- Born: April 3, 1978
- Died: February 3, 2010 (aged 31)
- Education: Sheridan College
- Occupation: Actress
- Partner: Gareth Potter

= Lindsay Thomas (actress) =

Canadian actress (1978–2010)

Lindsay Thomas (April 3, 1978 - February 3, 2010) was a Canadian stage actress of Stratford, Ontario and Toronto theatre productions.

==Career==
Thomas was a graduate of Sheridan College's musical theatre program. She was a member of the Stratford Festival company from 2005 to 2008. Her performances included playing Ado Annie in Oklahoma! in 2007. She was also a member of the original Canadian company of Hairspray. Her performances struck audiences, and her leadership abilities as a dance captain were outstanding. This especially showed through when she worked with and as a part of the cast of Oliver! in 2006 at the Stratford Festival of Canada.

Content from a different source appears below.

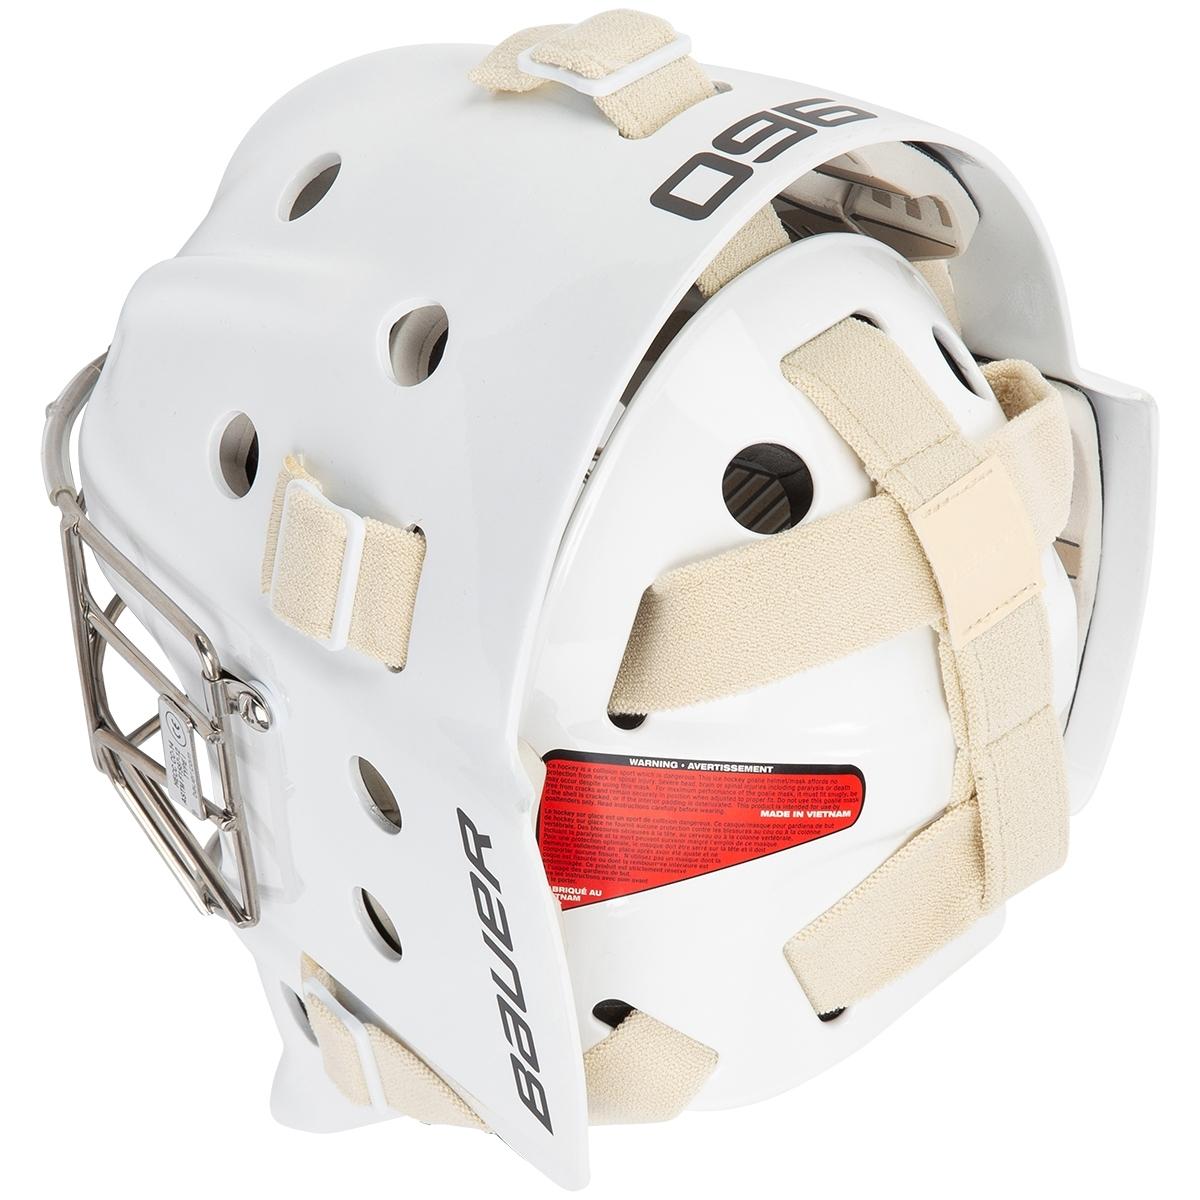 Bauer Profile 960 Goalie Mask - Non Cert. Cat Eye - Senior White S

In 2008, she played Gracie Shinn in The Music Man. She later performed in Anne of Green Gables - Somewhere in the World at Charlottetown Festival, Grease at Edmonton's Citadel Theatre, Aladdin at the Stirling Festival, The Boy Friend, City of Angels, and The Crucible at Theatre Sheridan. She also starred in the Canadian version of Jersey Boys along with Jeff Madden, who was a very close friend.

==Death==
Lindsay Thomas was diagnosed with lung cancer in 2009, even though she was a non-smoker. She died on February 3, 2010, aged 31.